Executive Offers $8 Billion Remedy for Midwest Rail Logjam
Proposed 280-mile bypass faces opposition from landowners, financing hurdles
A software industry veteran is taking on one of the toughest problems facing the U.S. railroad industry: the chronic traffic bottleneck surrounding Chicago that can take more than a day for freight trains to move through.
Frank Patton, 73 years old and chairman of fledgling Great Lakes Basin Transportation Inc., wants to build a privately-financed rail route through Illinois, Wisconsin and Indiana that would allow trains to loop around the congested rail hub.
Mr. Patton’s proposed 280-mile line would reduce the about 30-hour train travel times through Chicago to eight or 10 hours. It would take about five years to permit and build and cost $8 billion, he said, monies that eventually would be paid off by user fees from the six major North American railroads the line intends to serve.
Its hurdles are many. Great Lakes Basin Transportation still has to assemble financing and obtain regulatory and environmental approvals. And the plan faces opposition from affected landowners and a so-far cool reception from railroads, which are pushing their own plan to dislodge the Chicago rail logjam.
But Mr. Patton is undaunted. “Anybody who looks at the projections for a 60% increase in traffic by 2040, they know something has to happen,” he said. “The Chicago terminal is one snowstorm away from disaster.” He is moving quickly to get regulators’ approval and to line up financing.
Mr. Patton, who owned and managed Portfolio Dynamics, a financial services software company for 30 years, became interested in railroading about six years ago while volunteering for a Chicago civic and cultural advocacy group. He and a group of former railroad executives started the initial regulatory approvals process for building a railroad. The team met with the U.S. Surface Transportation Board in September, then submitted a revised plan.
Last week regulators began conducting public hearings to gather information on the proposed project, which requires federal approval following an in-depth environmental impact study that allows communities to voice concerns about noise and disruption and potential damage to wildlife and water.
Railroad Remedy
Great Lakes Basin Transportation wants to build a privately financed rail route that would allow trains to loop around Chicago, a congested rail hub.
Source: the company
The project’s scope is “so large, and it has the potential to affect so many people, we thought it was important to get out there and let them know very quickly,” said Victoria Rutson, director of the Surface Transportation Board’s office of environmental analysis.

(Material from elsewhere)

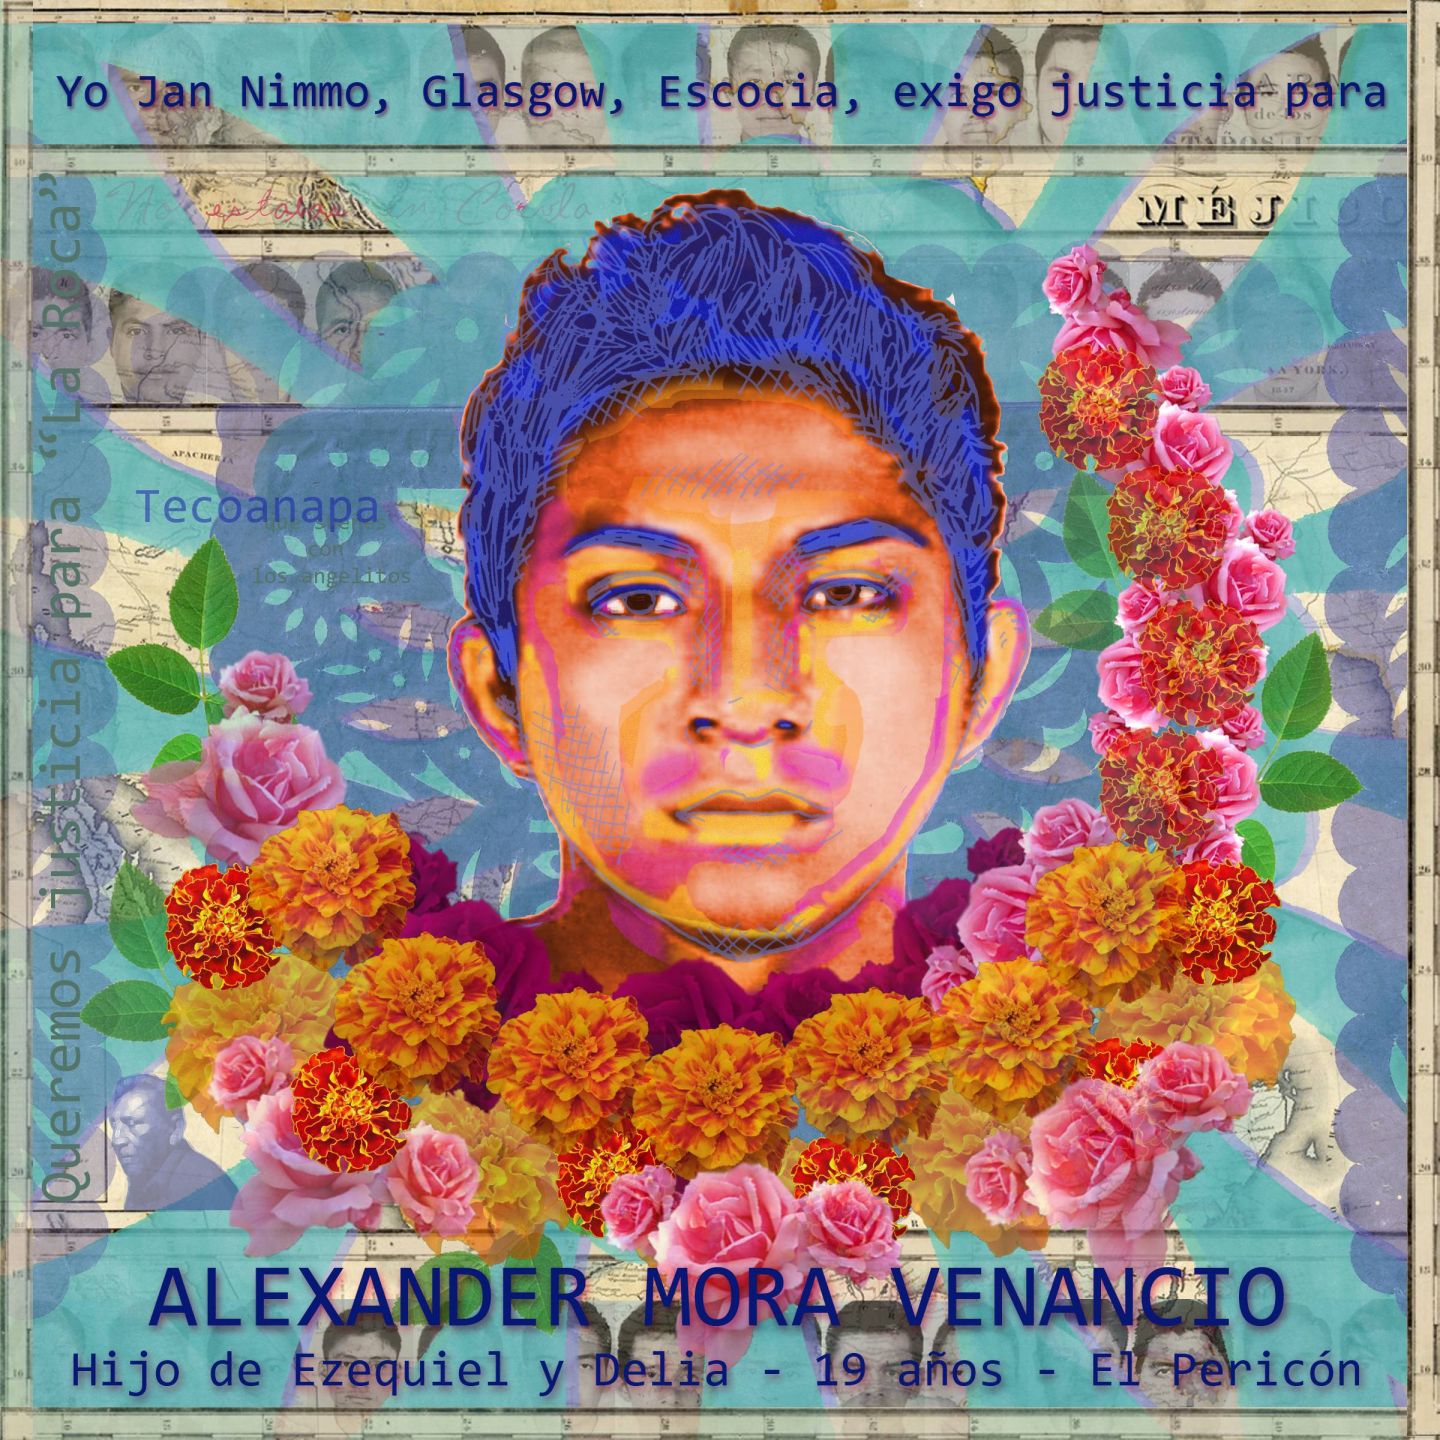 Portrait of Alexander Mora Venancio by Jan Nimo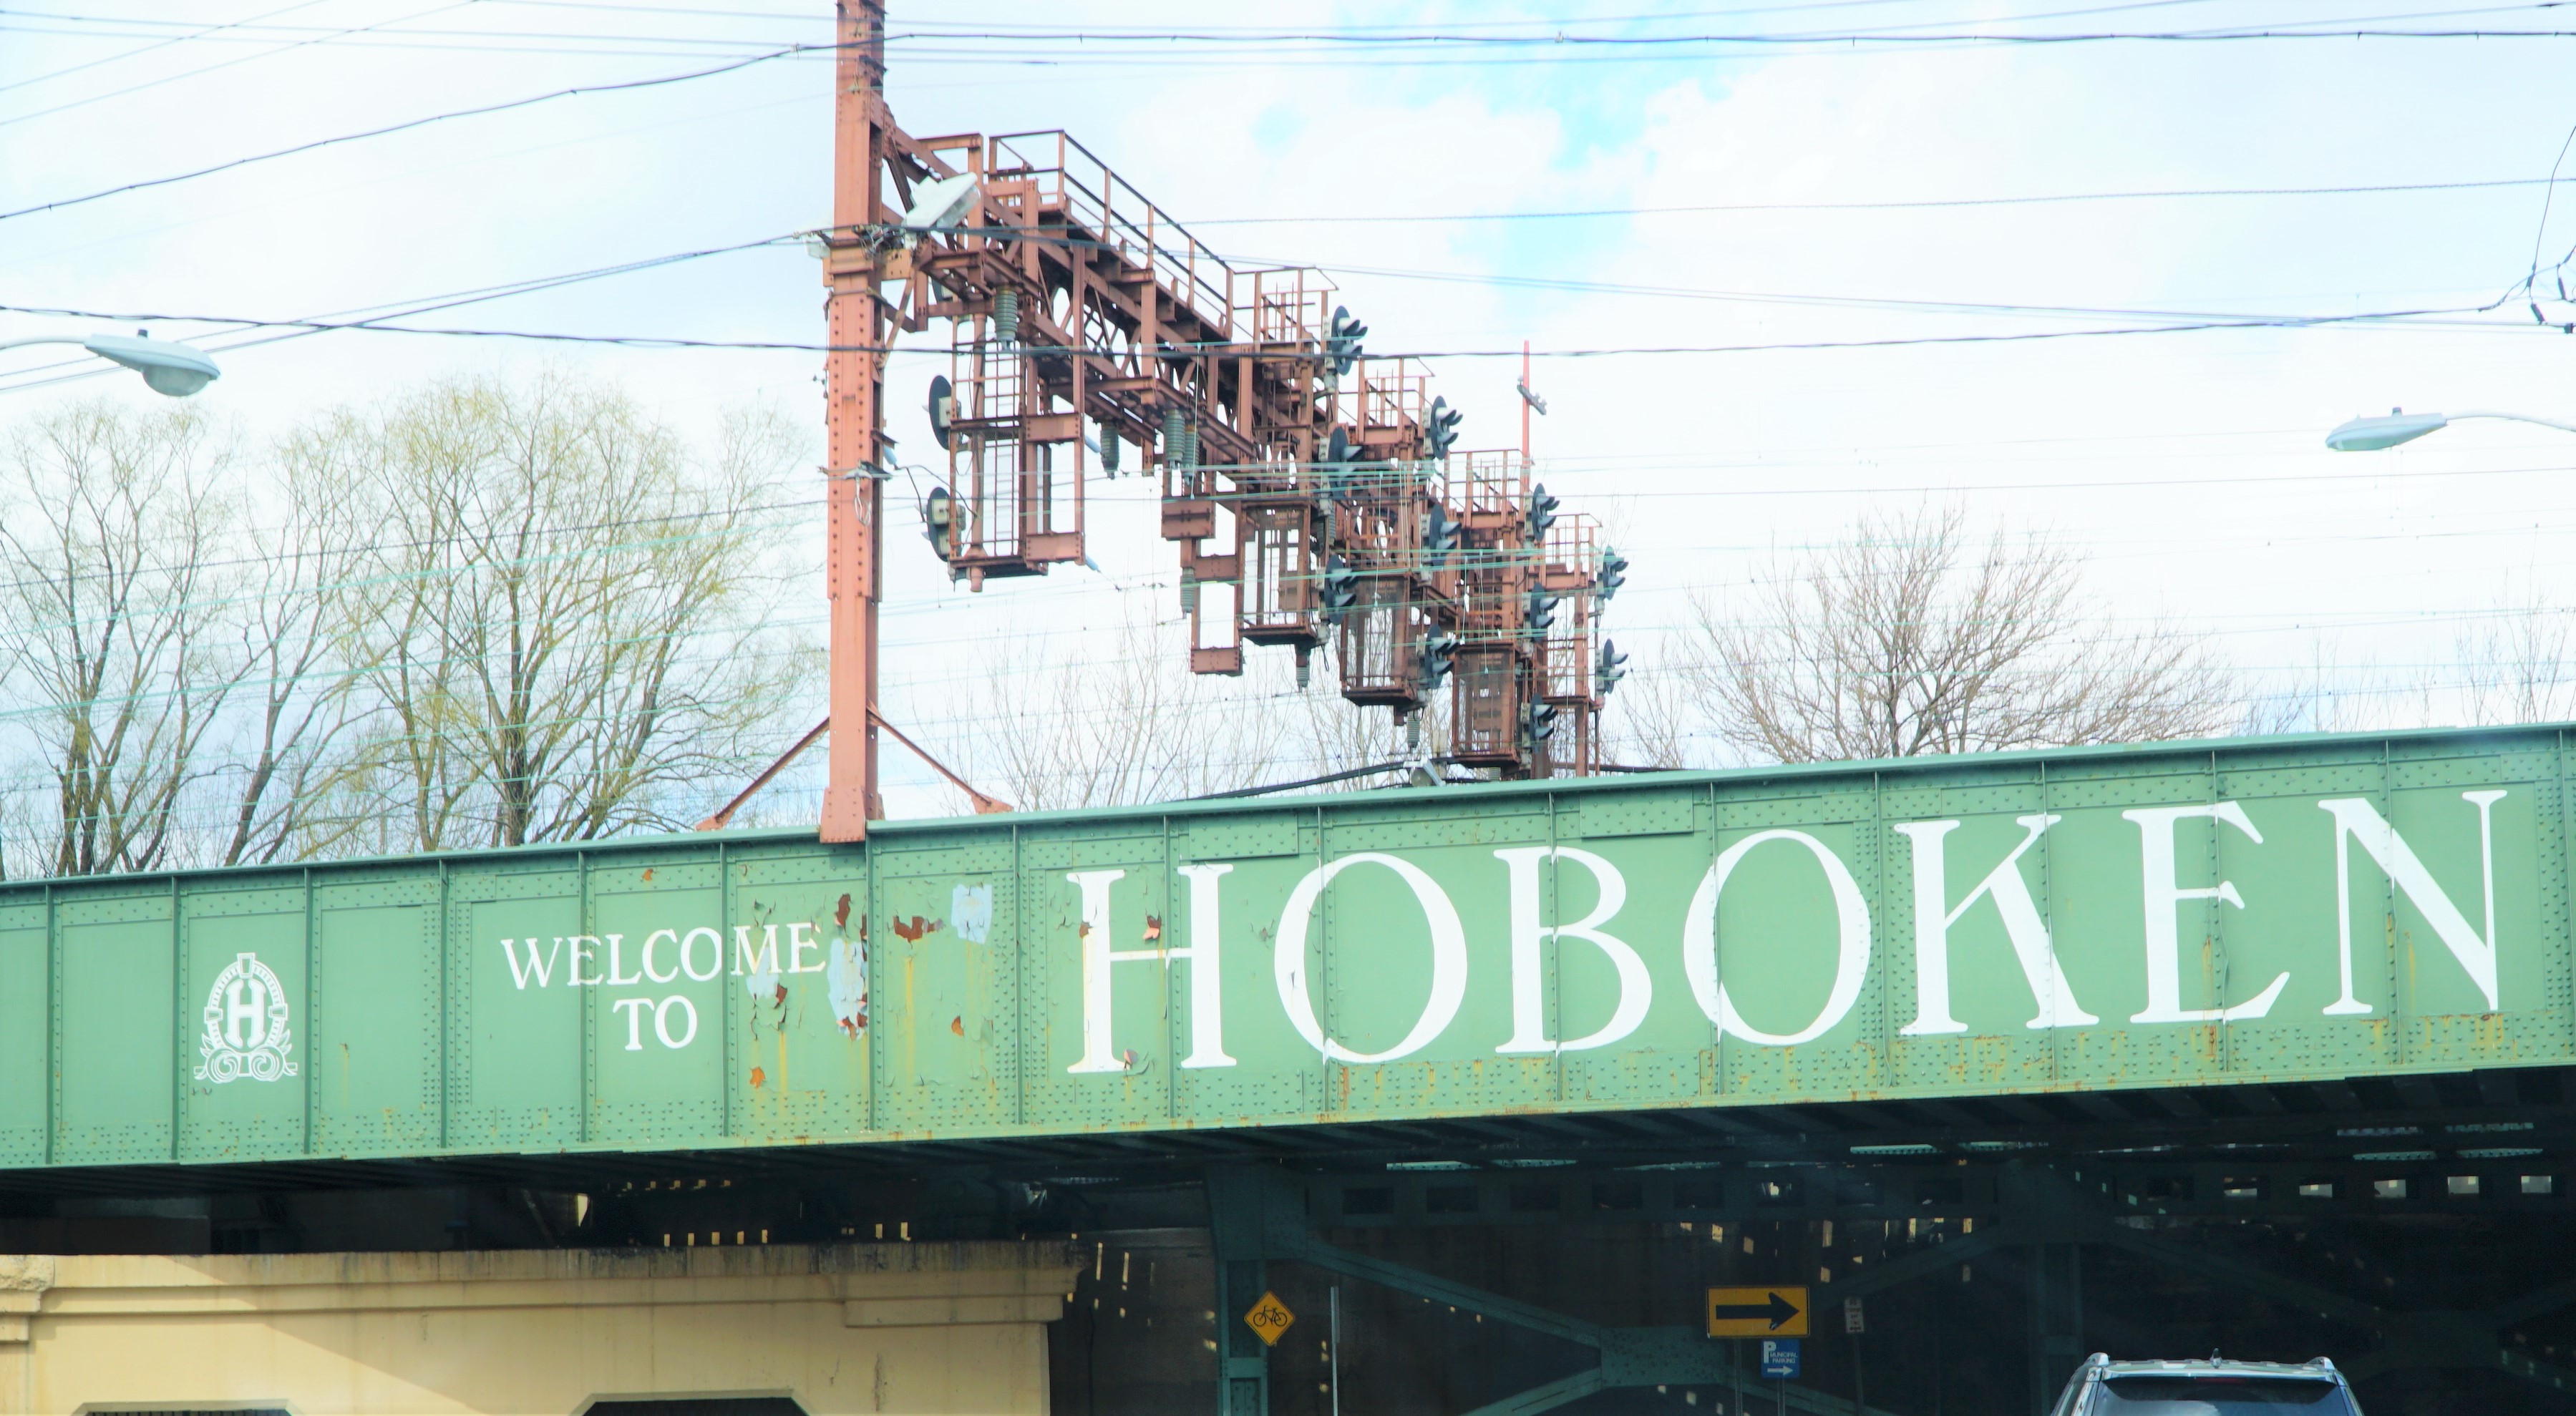 Welcome to Hoboken highway sign

Mr. Patton is still working to secure financing. That shouldn’t be a problem because of the cost-reduction benefits, he says. “The margins are just so thin [on freight shipped by rail] that cutting distribution costs through Chicago would be significant,” he says.
‘Nobody is going to willingly give up ground.’
Opponents are organizing, too. People living along the proposed route say they are worried the project’s maximum traffic load of 110 trains a day will expose them to relentless noise and the risk of accidental hazardous cargo spills. The proposed 200-foot-wide track right of way would restrict nearby farmers’ access to their fields and destroy drainage and crop irrigation systems, they say. Moreover, they object to a law that allows railroads to force owners to sell their land if an amicable purchase deal can’t be reached.
“We’re not just going to lay down,” said Robert Cauffman, a retired conservation officer who estimates his house near Kouts, Ind., is about 200 feet from the proposed route. “Nobody is going to willingly give up ground. You have third, fourth and fifth-generation families that farm. [The railroad] would split these farms in half.”
The major freight railroads are largely staying on the sidelines. The bypass “seems to be pretty good and a novel idea worth exploring,” says ABH Consulting railroad industry analyst Anthony Hatch. He suspects railroads are reticent to sign on in part because they find it hard to believe that a new project like this can withstand an environmental review.
‘An exceedingly expensive idea with no publicly identified funding sources. ’
A failed railroad merger may help move the project forward. Canadian Pacific Railway Ltd. earlier this month abandoned a bid for U.S. rivalNorfolk Southern Corp. One of Canadian Pacific’s arguments for the deal was the merger would ease congestion in Chicago, where a quarter of all North American train traffic either starts, stops or connects to another railroad.
Mr. Patton insists that nobody would be forced from their homes and farmers will be able to continue to work their land after he acquires the right of way. He added the railroad could make their property move valuable by expanding the potential uses to include rail-served warehouses, grain storage elevators and other developments.
Union Pacific Corp., the only major freight railroad to take a public position on the bypass, said it determined in 2014 that it is “not interested in moving forward with a discussion on the Great Lakes Basin Railroad’s bypass project—an exceedingly expensive idea with no publicly identified funding sources.”
Some don’t think the Great Lakes Basin bypass is necessary because their own infrastructure improvement projects in Chicago, known by the acronym Create, are starting to work. The decadelong program is aimed at eliminating choke points where trains are forced to stop for other trains and frequently blocked street crossings that snarl auto traffic. So far Create has shaved an average of 11 hours off the time it takes a train to get through Chicago, according to the Association of American Railroads, the railroads’ trade association.